Too late yesterday, and probably too late for this series, the Hurricanes objected to the hammering administered by Stevens, and probably moreso, by the Devils in the previous 119:48.

“We,” Hurricanes coach Paul Maurice said, “play better angry.”

Any different mood would have to be an improvement.

“I’m sure they’re going to be upset. If they’re thinking about me, that’s fine. The more they’re thinking about me, the less focus they’ll have on the rest of the game,” Stevens said, daring the Hurricanes to bring it on.

The Hurricanes don’t seem to have the gorillas to turn this series into a goonfest, although that may be their only chance. Over the first two periods of the two games, when issues were being contested, they have been outshot 52-21 and outscored 5-0.

“We’re just not generating the offense we need to,” Maurice understated.

Larry Robinson didn’t even seem concerned about matchups, a coach’s main prerogative in the playoffs. He allowed the ‘Canes to act as if the Meadowlands was the Raleigh Entertainment and Sports Arena, and watched his players thrive against Maurice’s choices.

“I really didn’t go for as many matchups as I wanted to, only because I prefer to see how we would respond, especially since we’re going into their building and I know I’m not going to be able to get any matchups I want,” Robinson said.

Robinson’s no-match strategy also eased some of the burden on some defensive workhorses for the back-to-back pair in Raleigh. The Devil coach left the Hurricanes with virtually nothing to cling to, hope-wise.

His players, who haven’t given the Hurricanes much on the ice, wouldn’t even give them anything to tack on the wall.

“The third game, especially when you have home ice, really decides what’s going to happen,” John Madden said.

This will be the sixth time the Devils have been in this position, and they’ve lost Game 3 twice, to the 1995 Bruins (won in five) and the 1995 Flyers (won in six). They swept the 1995 Red Wings and last year’s Panthers, and went up 3-0 on the 1997 Canadiens before winning in five.
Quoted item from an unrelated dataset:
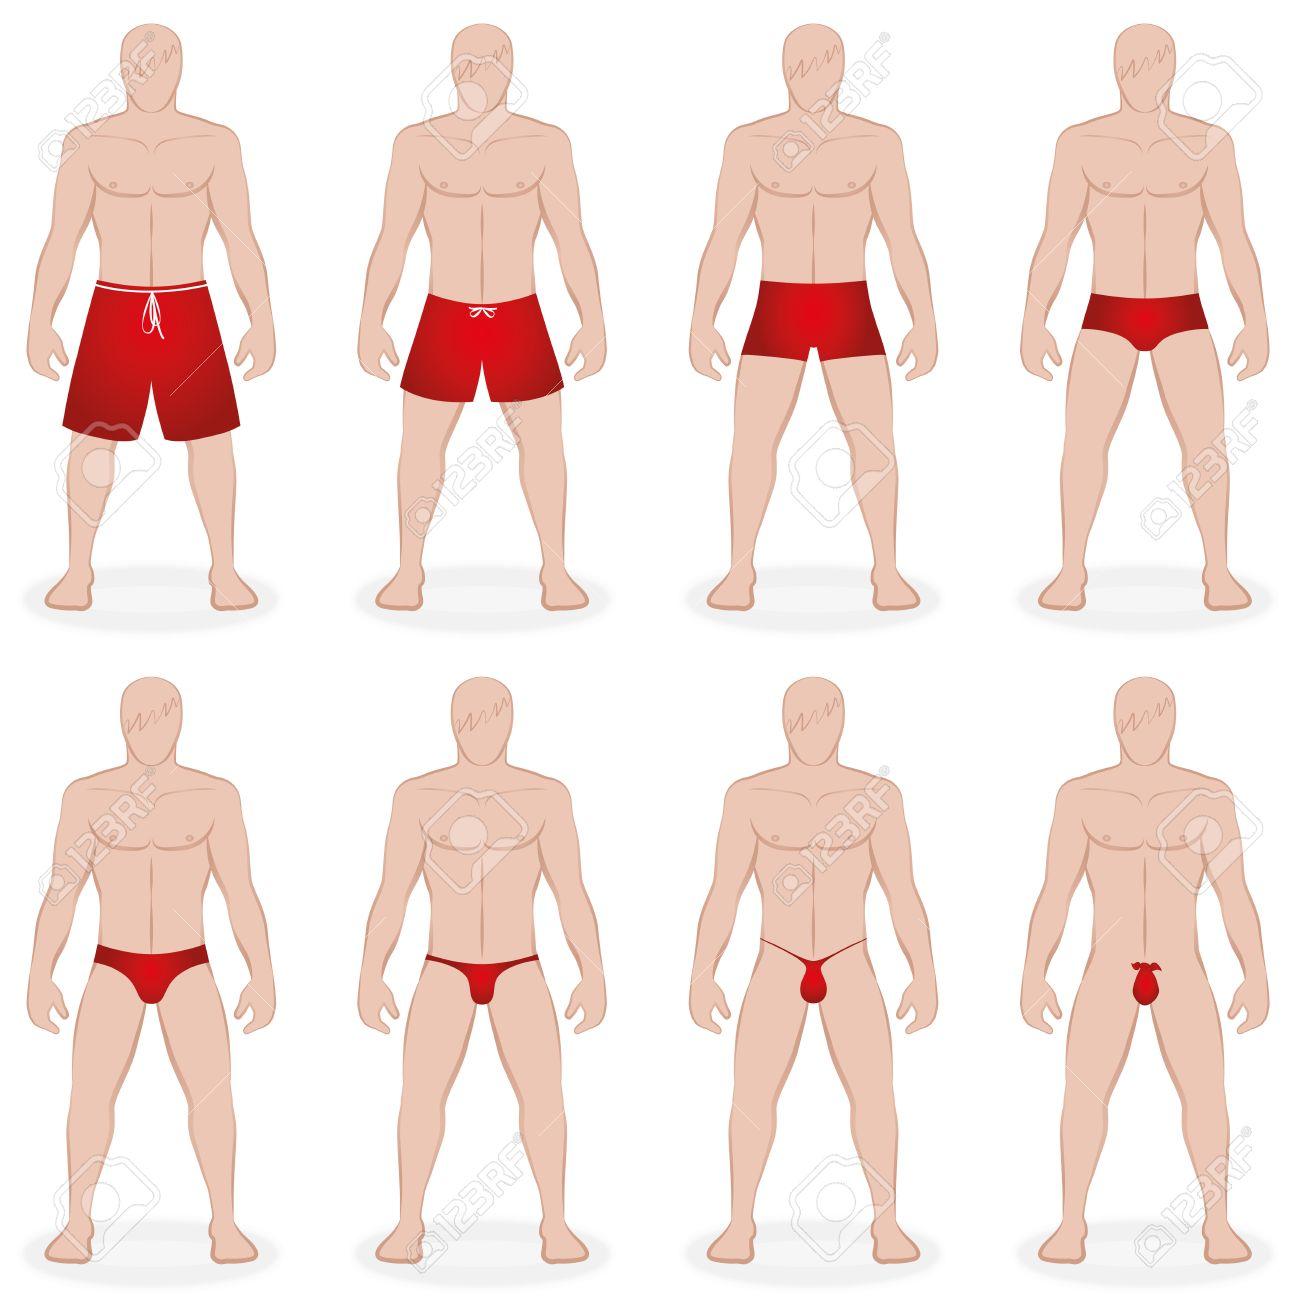 f8ed24c27539 Para hombre del traje de baño - traje de baño diferentes en varios estilos,  longitudes y tamaños - bermudas, como tanga, tanga - ilustración vectorial  ...

The common thread, of course, is that they’ve won each series.

Robinson altered the matchups despite his team’s dominating opening game triumph, getting Scott Gomez’s line more into the action. And for the second straight game, that line opened the scoring.

This time, it was Alexander Mogilny putting the Devils in front after only 4:16 of play. Gomez came off the bench for his second shift flying against Glen Wesley, who poked the puck away. Sergei Brylin, who scored the first goal Thursday, retrieved the puck at the end boards, went behind the net and centered in front for Mogilny, alone and batting his stick on the ice, calling for the puck, which he promptly put under Arturs Irbe.

Mogilny scored only four playoff goals last year, but erupted for 43 this regular season, tops on the team, and scored the first goal seven times, tied with Patrik Elias for the team lead in that department.

Sean O’Donnell was credited with his first goal as a Devil at 2:32 of the second when his long right point shot found the short side on Irbe. O’Donnell had two career playoff goals with the Kings and four goals with Minnesota this season before coming to the Devils for Willie Mitchell March 4.

Brodeur’s shutout was preserved when Willis shot over the net on a third-period breakaway, one that O’Donnell will hear about giving up. While the Hurricanes outshot the Devils 8-7 in the third, it didn’t seem to matter.

Robinson didn’t see it that way, however.

“I hope for our sake that we play much better on the road,” Robinson said. “The third period was some of the worst we’ve played.”

And still, Carolina couldn’t do anything.